[Source material]
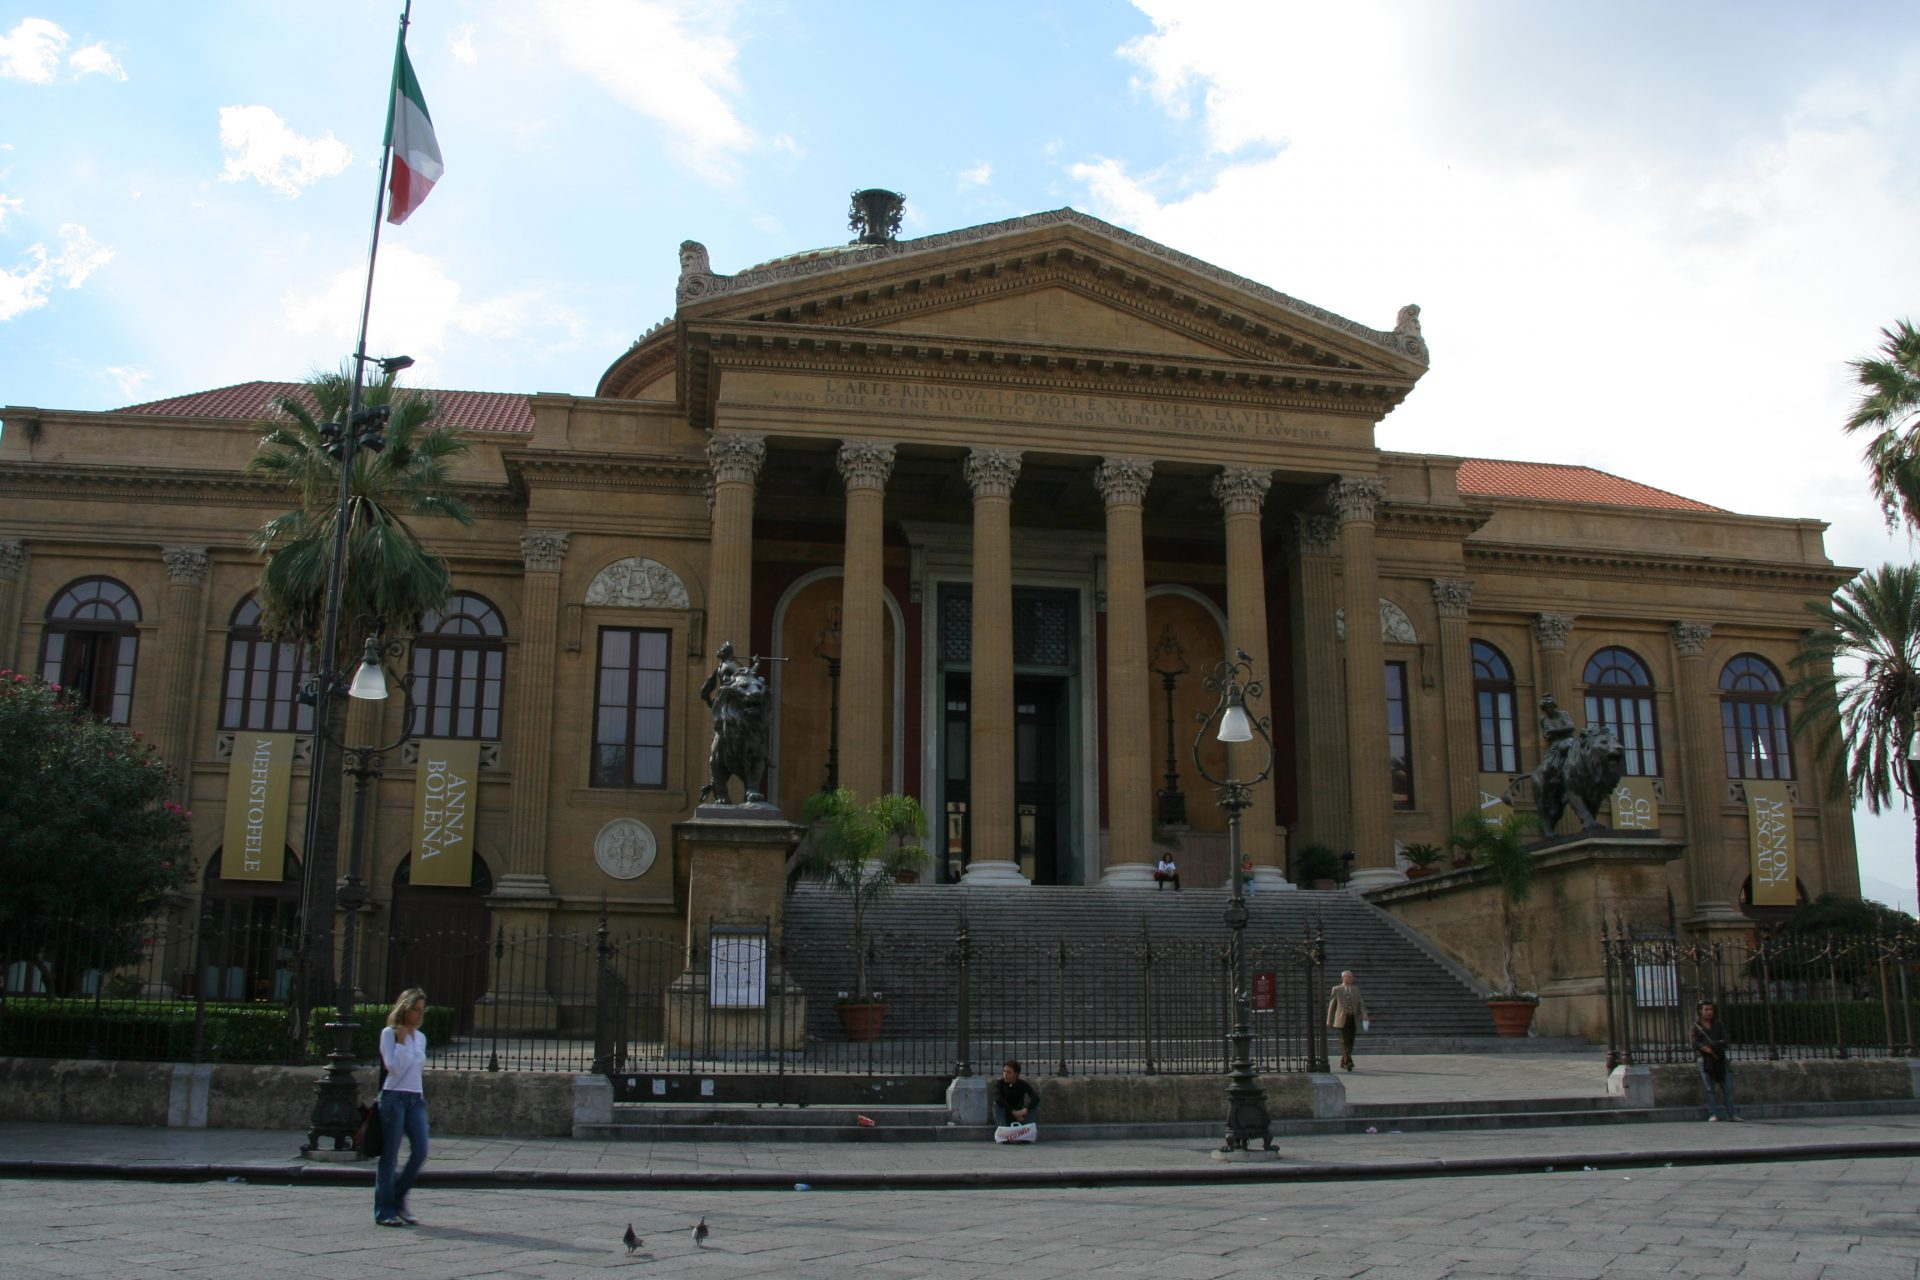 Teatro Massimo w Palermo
[/Source material]
[Source material]
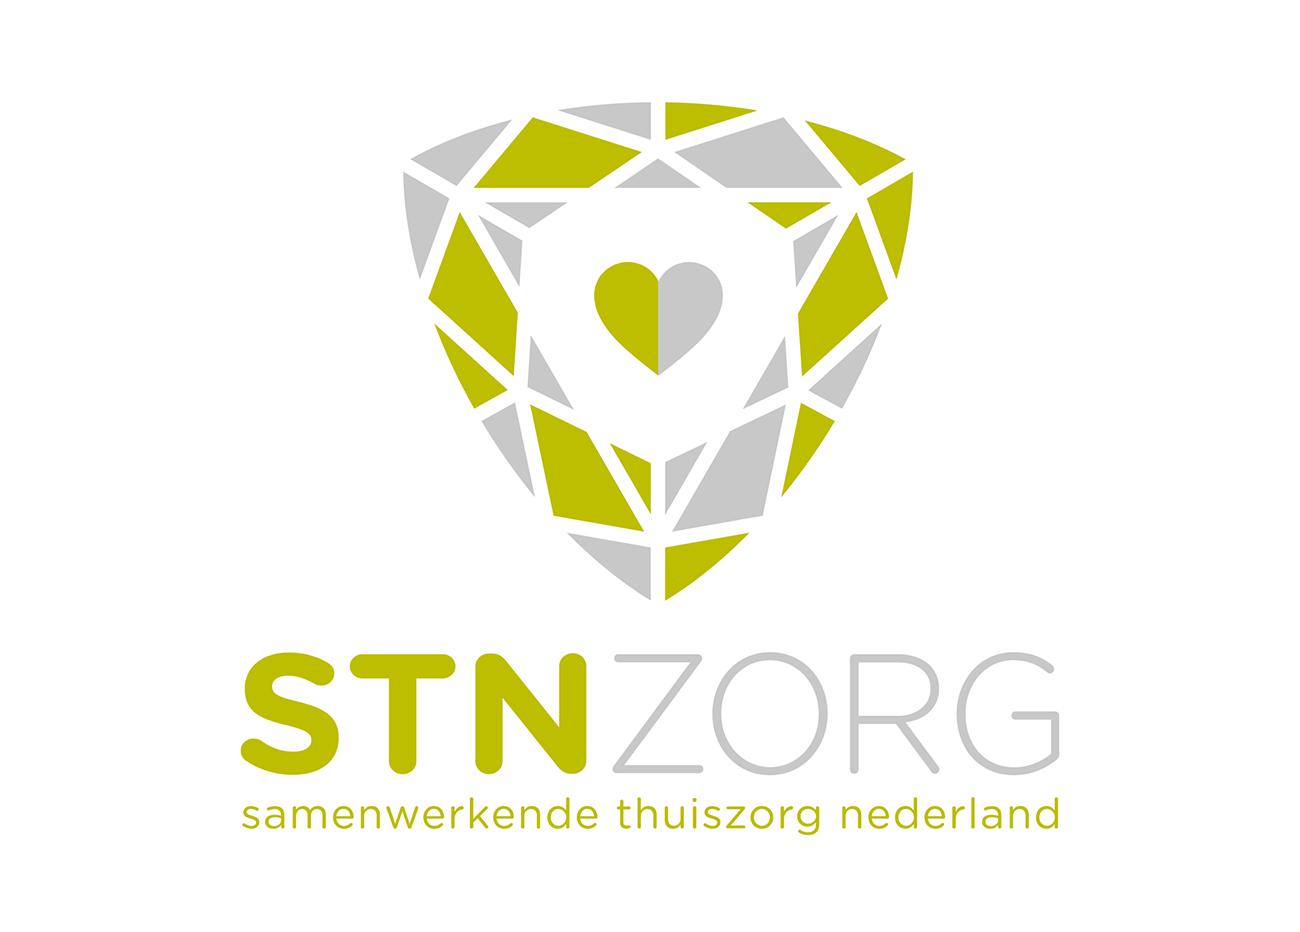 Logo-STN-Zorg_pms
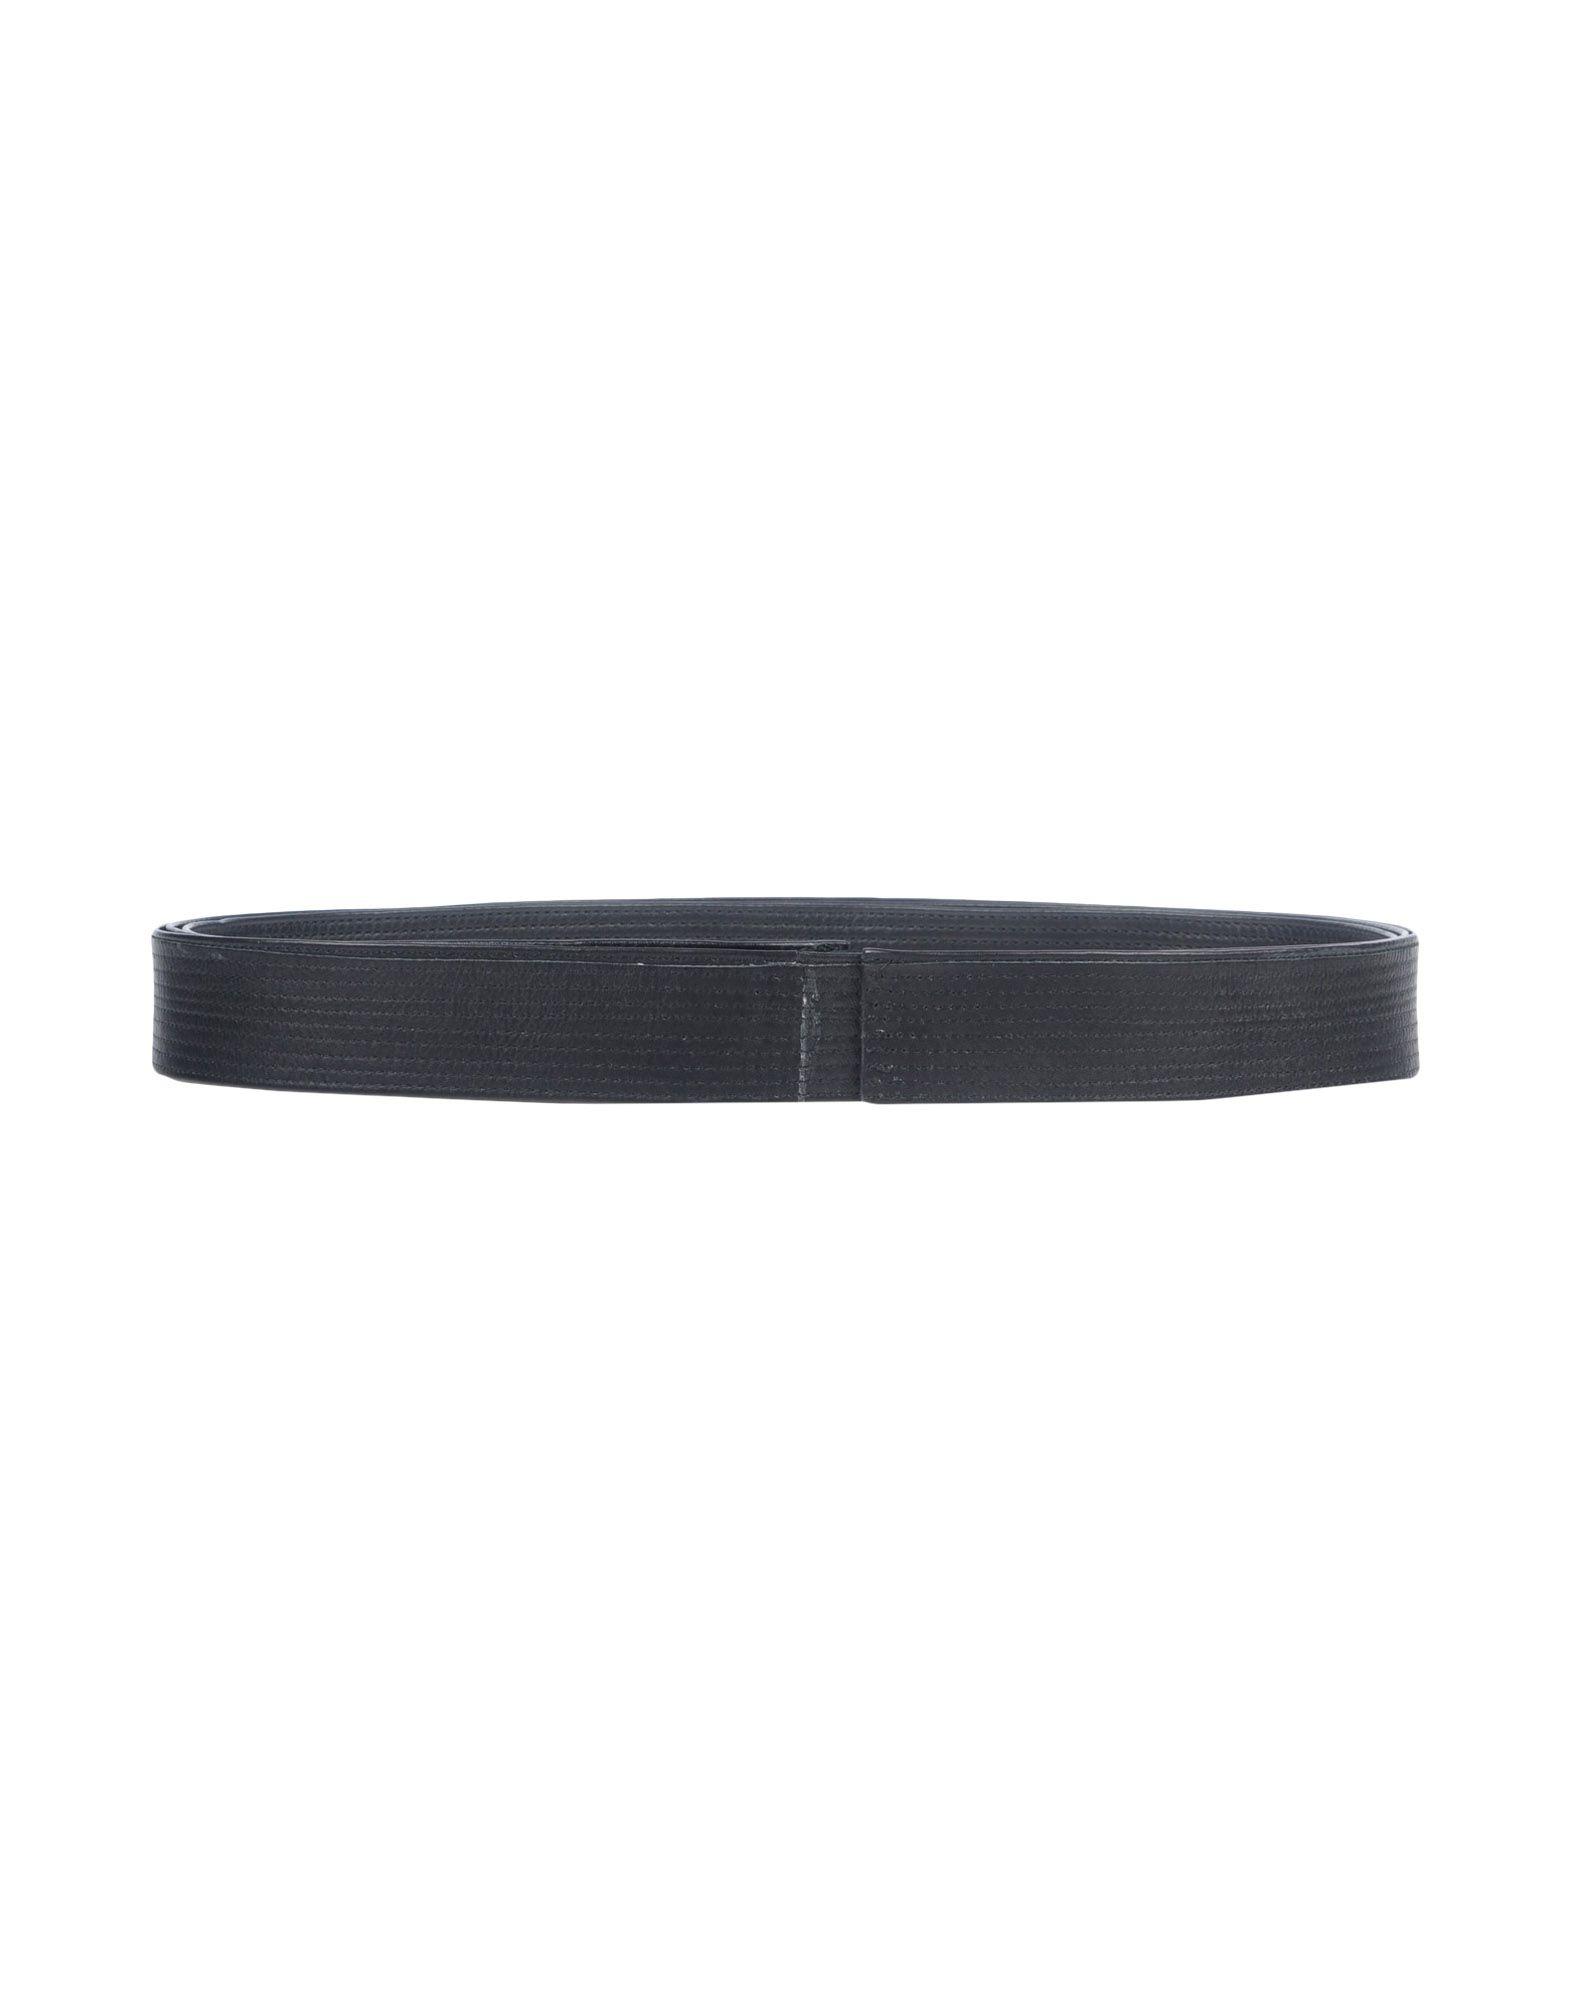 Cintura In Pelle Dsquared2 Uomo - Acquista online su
[/Source material]
# What the task asks
Would you print exactly the lines in the listing above, from the line bearing "Logo-STN-Zorg_pms" through the line bearing "Cintura In Pelle", leaving out all pictures?

# Answer box
 Logo-STN-Zorg_pms
 Cintura In Pelle Dsquared2 Uomo - Acquista online su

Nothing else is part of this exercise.